School safety concerns may worsen ongoing absenteeism in schools, suggest new federal data.

Thirteen percent of high school students reported missing school in 2023 out of safety concerns, according to the data from the Centers for Disease Control and Prevention.

However, absenteeism varied significantly for different groups of students. Girls were 6 percentage points more likely than boys to say they had stayed home from school in the last month because they worried about their safety at or on the way to school; 16 percent of girls said that, versus 10 percent of boys.

Only 1 in 10 Asian or white students reported missing school out of fear, compared to 15 percent of Black and Native American, 17 percent of Hispanic, and 22 percent of Native Hawaiian and Pacific Islander students.

The findings are part of the CDC’s biennial Youth Risk Behavior Survey, a nationally representative study of U.S. high school students. More than 20,000 students participated in the 2023 survey.

“Considering the vital role schools play in promoting health and well-being, it is critical to address school-based violence and safety concerns,” said Kathleen Ethier, the CDC’s director of adolescent and school health, in a statement.

Nearly 1 in 5 students reported they were bullied at school in 2023, and nearly 1 in 10 said they were threatened with or injured by a weapon on campus—both increases since 2021.
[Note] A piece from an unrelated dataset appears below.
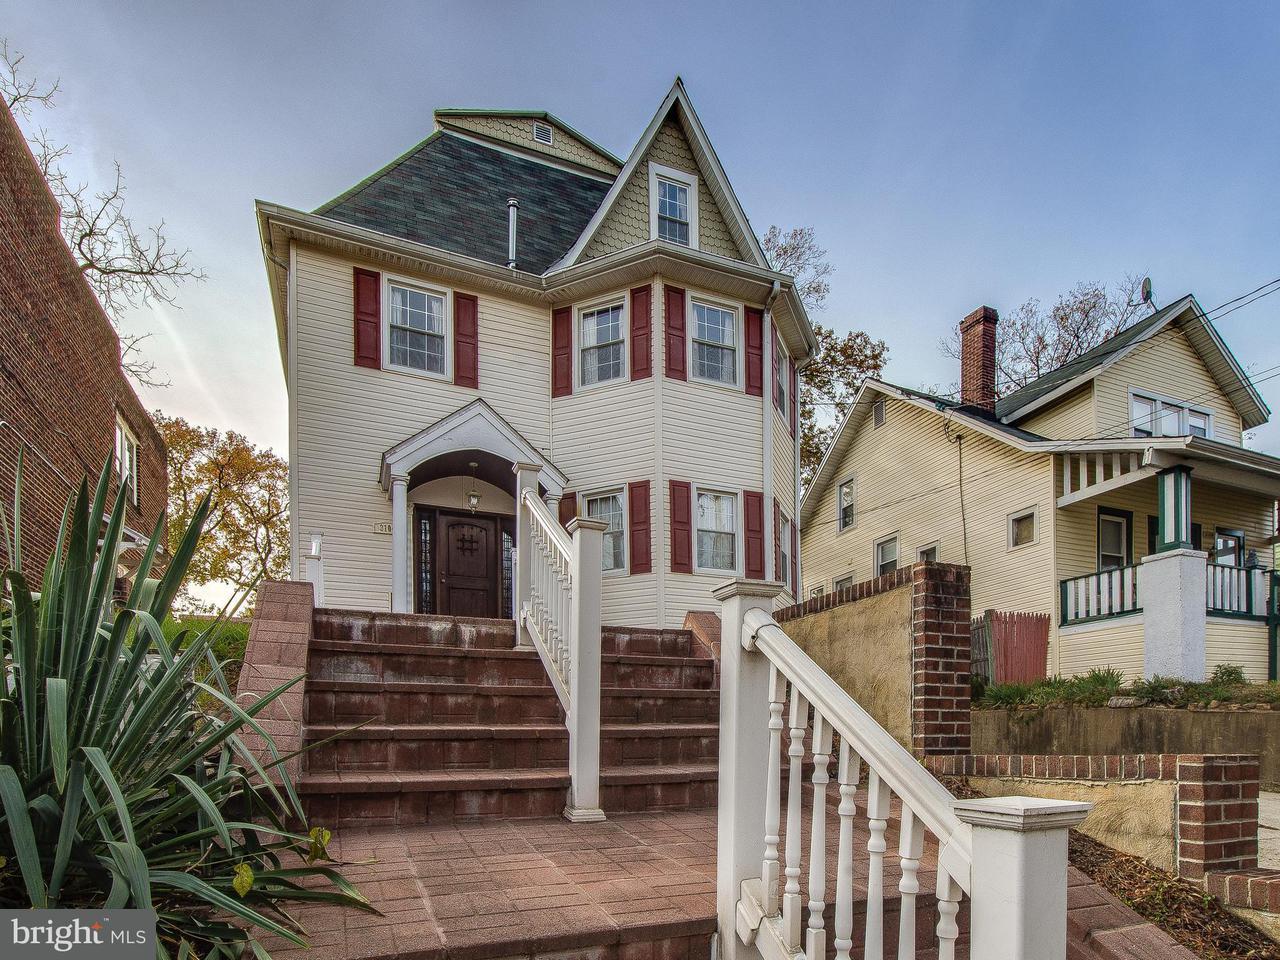 Single Family Home for Sale at 3104 SOUTH DAKOTA AVE NE 3104 SOUTH DAKOTA AVE NE Washington, District Of Columbia 20018 United States

Reported bullying rates, which fell in the immediate aftermath of pandemic school closures, have returned to levels about on par with those of the last decade. But the likelihood that girls would report being threatened or injured with a weapon rose from 6 percent to 9 percent from 2013 to 2023. And the share of students who avoid school out of safely concerns has nearly doubled, from 13 percent in 2013.
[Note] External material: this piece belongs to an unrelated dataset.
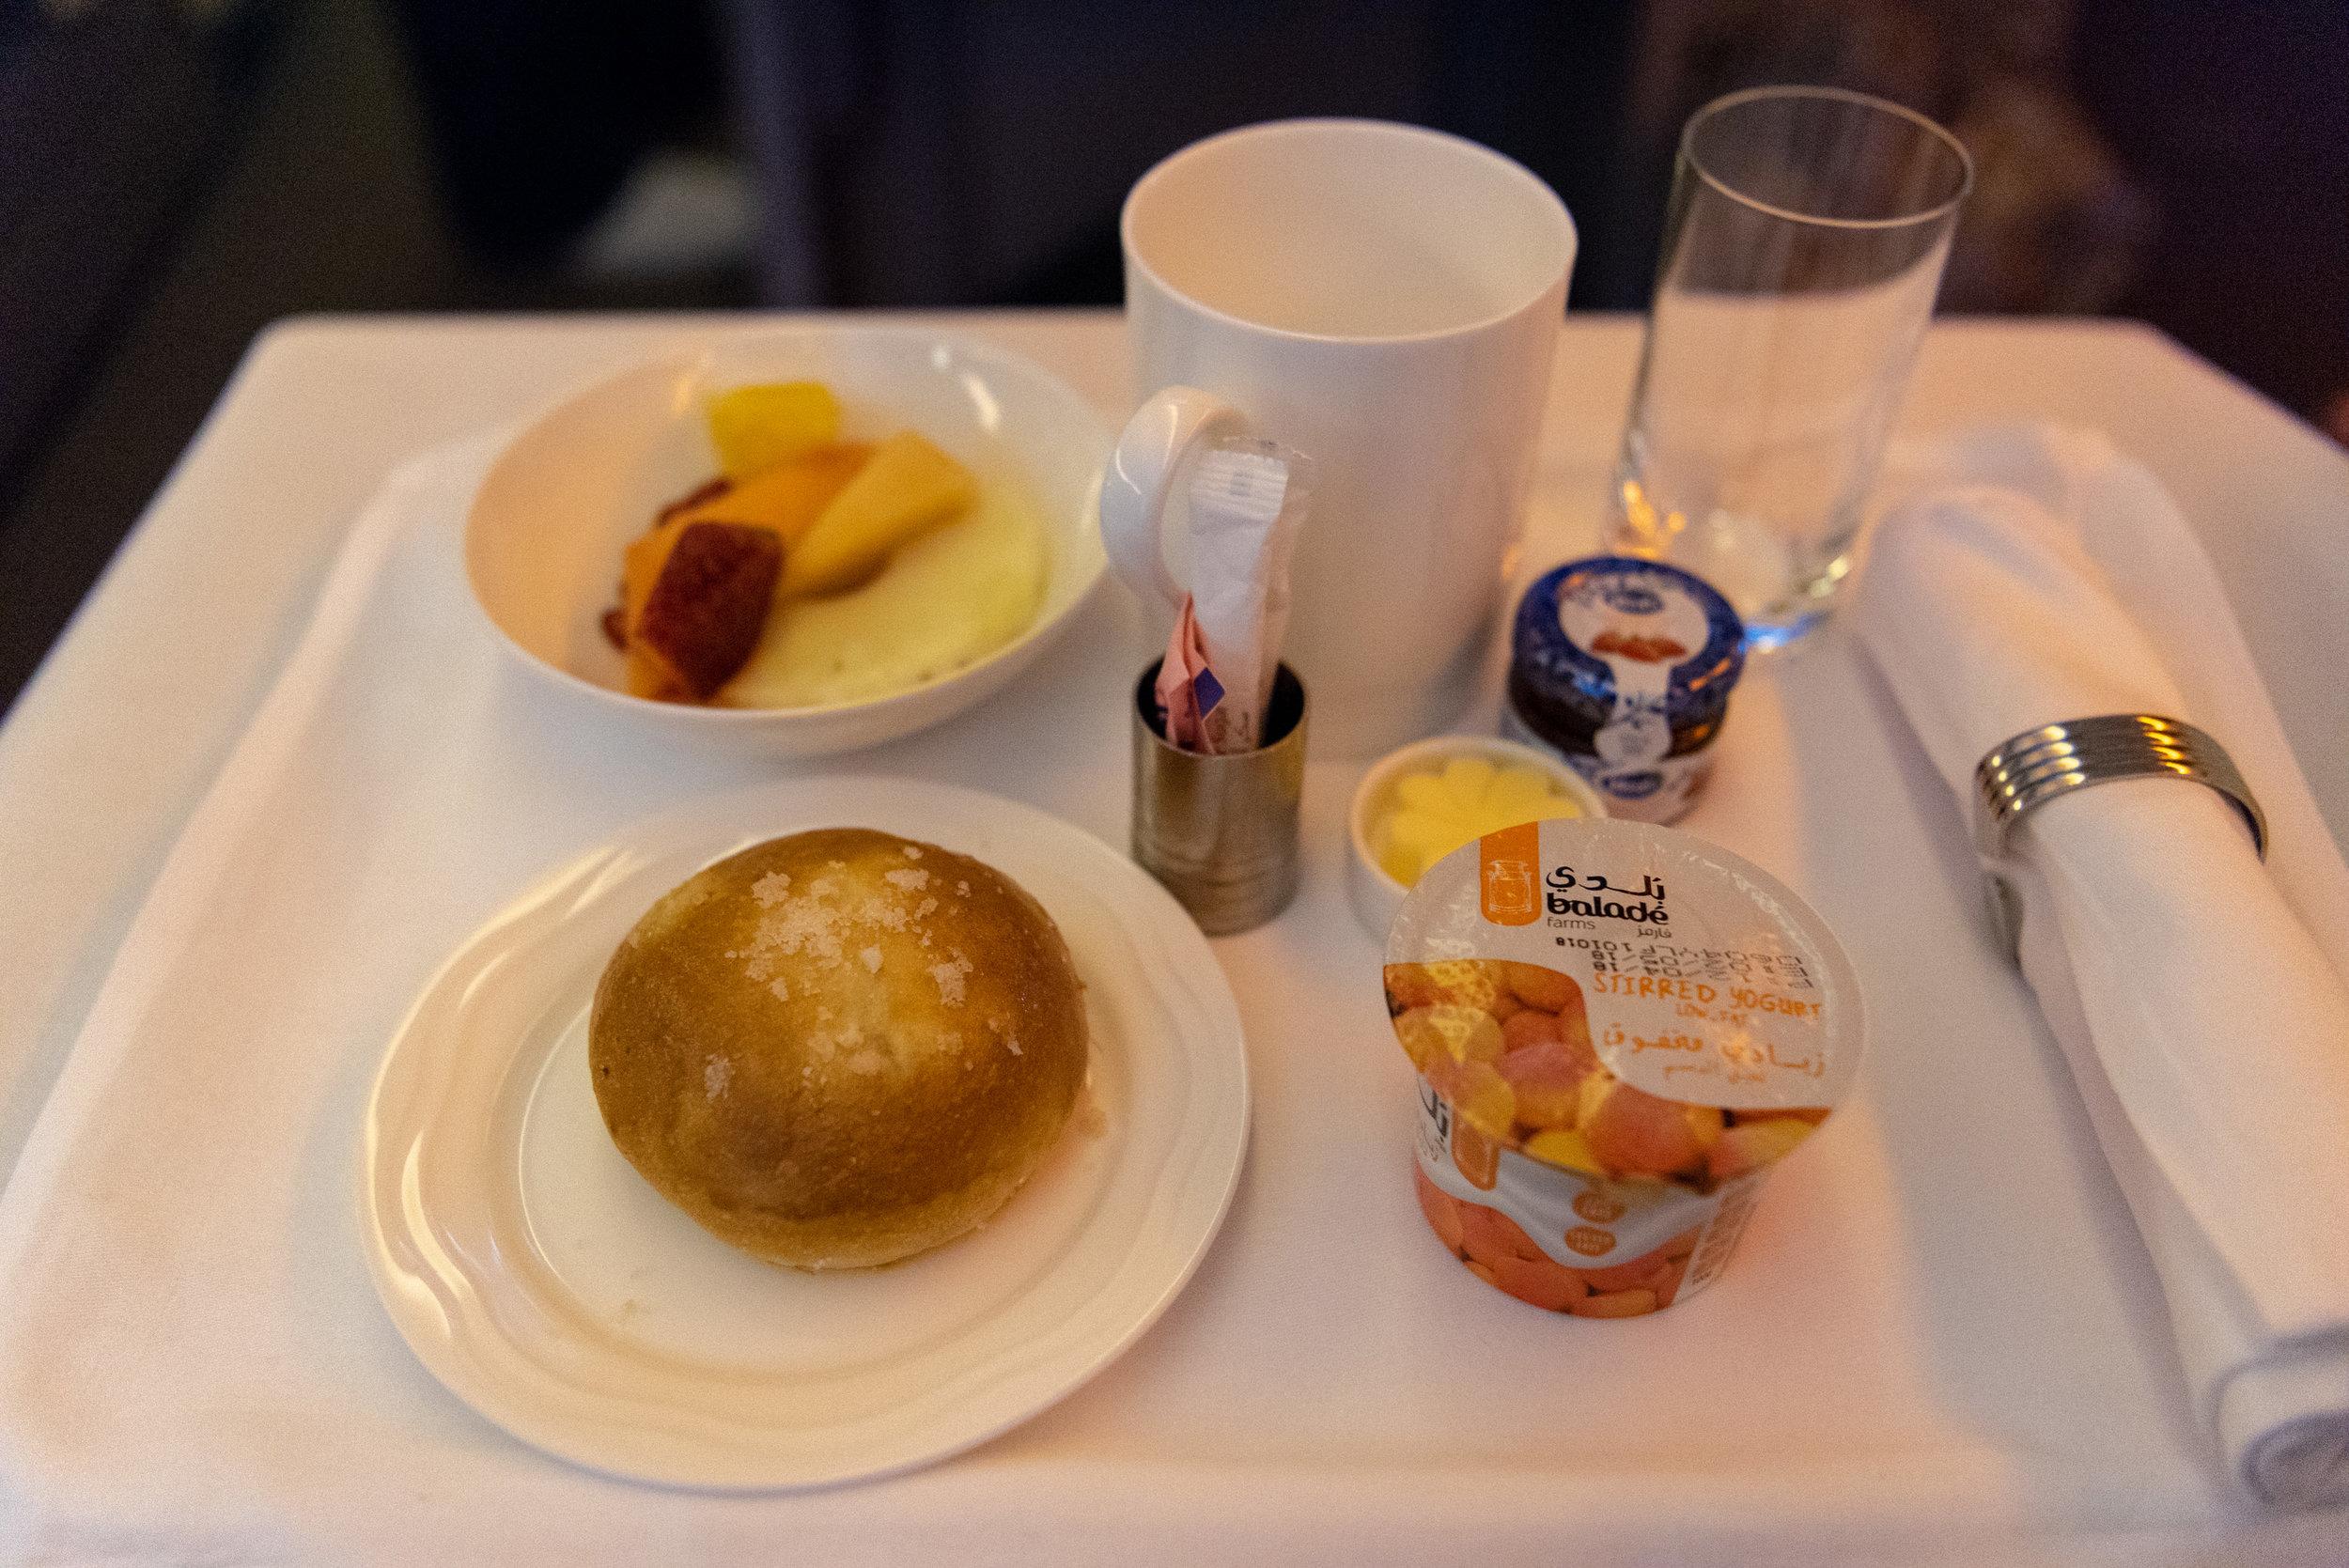 Continental Breakfast  Emirates EK352 Business Class 777-300ER - DXB to SIN

In particular, the CDC data show higher shares of LGBTQ+ high school students reporting violence and bullying compared to their peers. LGBTQ+ students were also 7 percentage points less likely to report feeling close to others at school than heterosexual and cisgender students.

These stressors may also help to account for higher mental health problems among LGBTQ+ students, the CDC found. Forty-one percent of LGBTQ+ students said they had seriously considered suicide in the past year—more than triple the rate of heterosexual and cisgender students—and they were twice as likely as non-LGBTQ+ peers to have been injured in a suicide attempt.

Many students also perceived the school discipline system as stacked against them. Nearly 1 in 5 students reported being unfairly disciplined at school in the last year, with students of color more likely to report disparities. LGBTQ+ students were equally likely to report unfair discipline practices as all students, but boys in that community were more likely than girls to say they had experienced unfair discipline.